Neither of these considerations was previously presented to the Court; therefore, they cannot have been "overlooked" in the decision on the underlying motion. Regardless, even considering these newly presented facts, the correctness of the May 7th order is not called into question. Trans Air's prediction that it will be sued in New Jersey is not supported by any credible evidence. While the evidence as to Trans Air's significant litigation expenses is deserving of consideration under the third Zagano factor, all of the other factors still weigh in favor of dismissal without prejudice. Thus, Trans Air's arguments do not "alter the conclusion reached by the court." Shrader, 70 F.3d at 257.

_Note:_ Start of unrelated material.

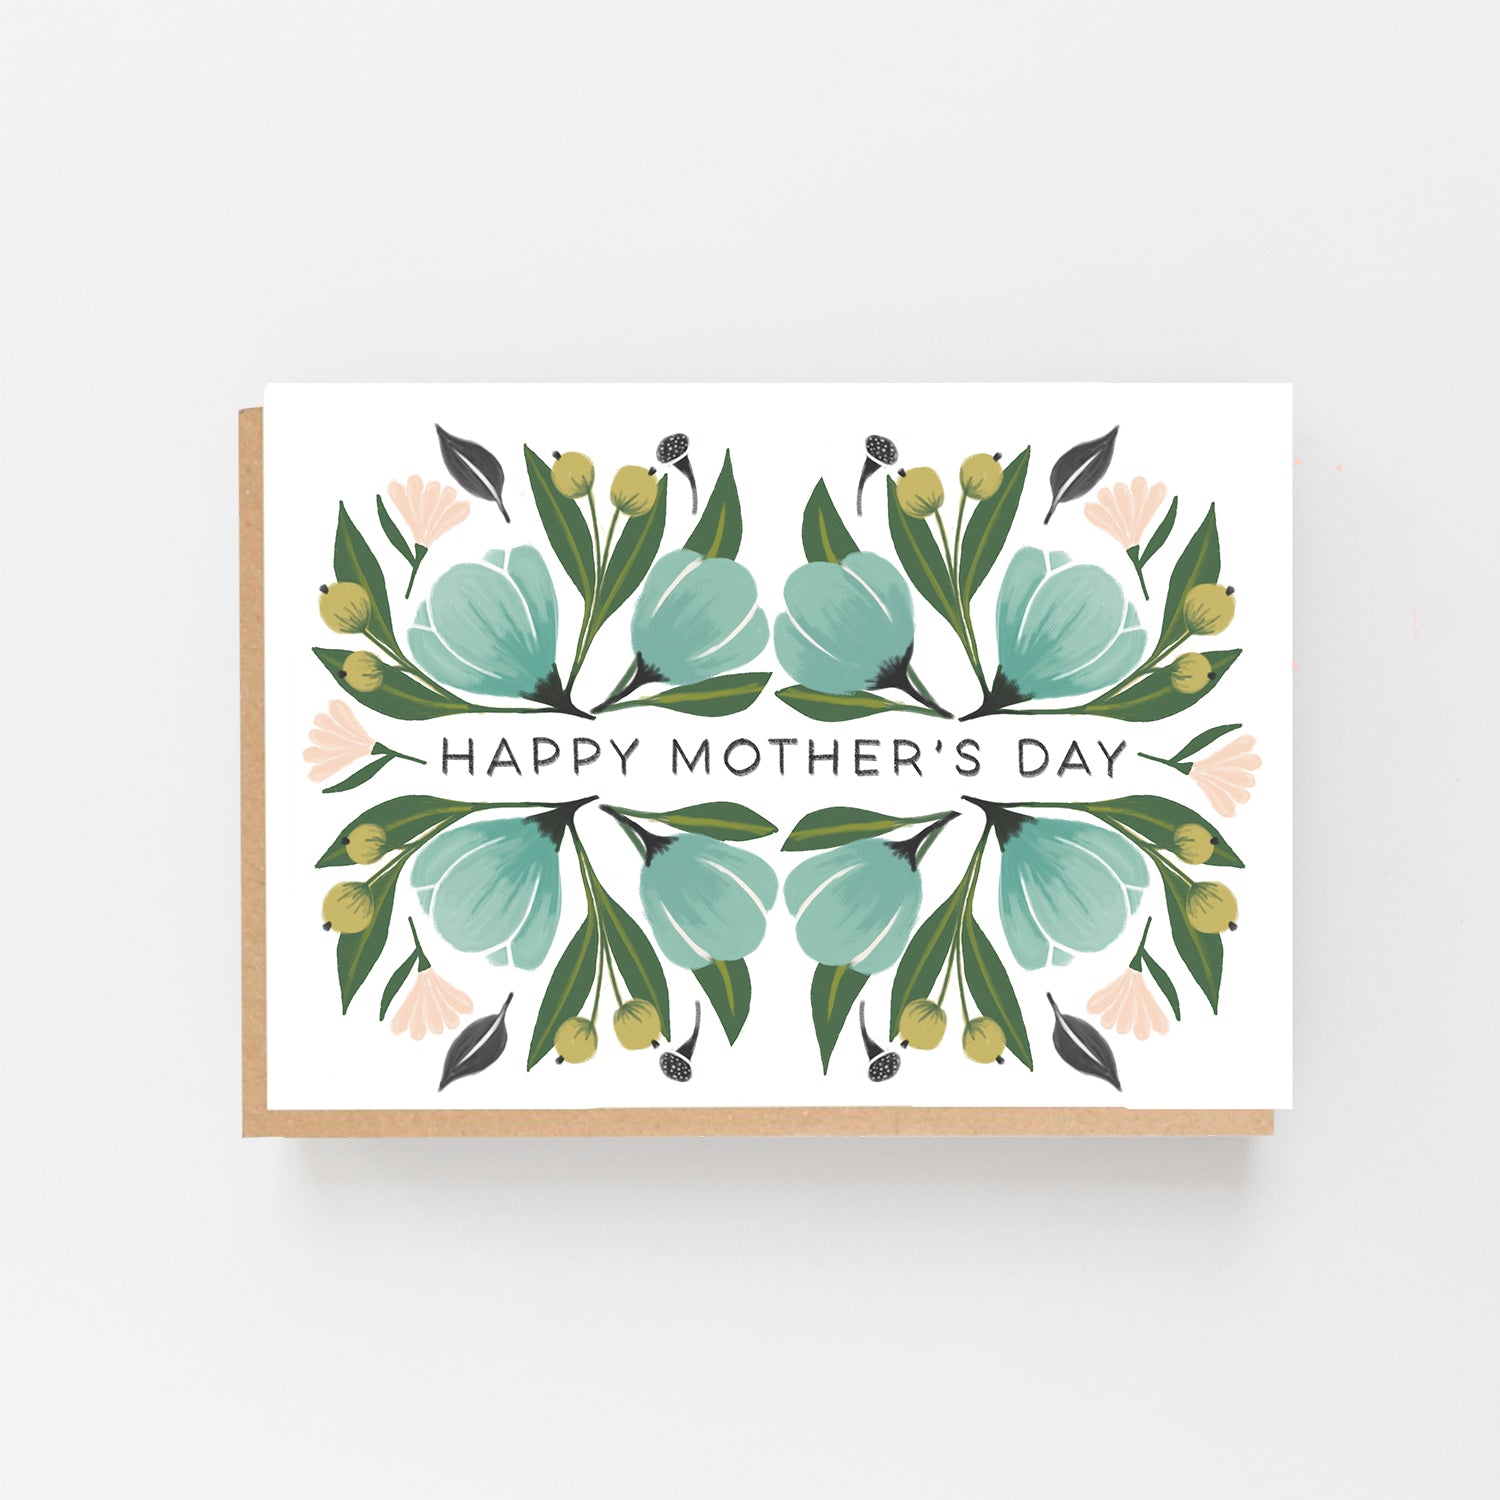 Happy Mother's Day - Floral Green

Trans Air lastly contends that the Court misunderstood its position on its request for attorneys' fees as an alternative to a dismissal with prejudice. Trans Air spins its position as "not that Morrison should pay [fees] now," but rather that the Court should "condition the recommencement of an action against Trans Air on the reimbursement of the fees Trans Air has incurred in this action." Trans Air Letter at 3 (emphases added). This argument contradicts Trans Air's position in its original application, see Letter from Trans Air to the Court, Docket Entry No. 99, at 3-4 (Oct. 10, 2008) (seeking unconditional order to "Morrison and Hutter to reimburse Trans Air the attorneys' fees and costs."). Therefore, there was no misunderstanding. Even if there had been, the Court lacks the power to enter the conditional order Trans Air now seeks; Rule 41(d) expressly grants that power to the second forum court, which "may order the plaintiff to pay all or part of the costs of [the] previous action." Fed. R. Civ. P. 41(d)(1).*fn2
Trans Air's motion for reconsideration is denied.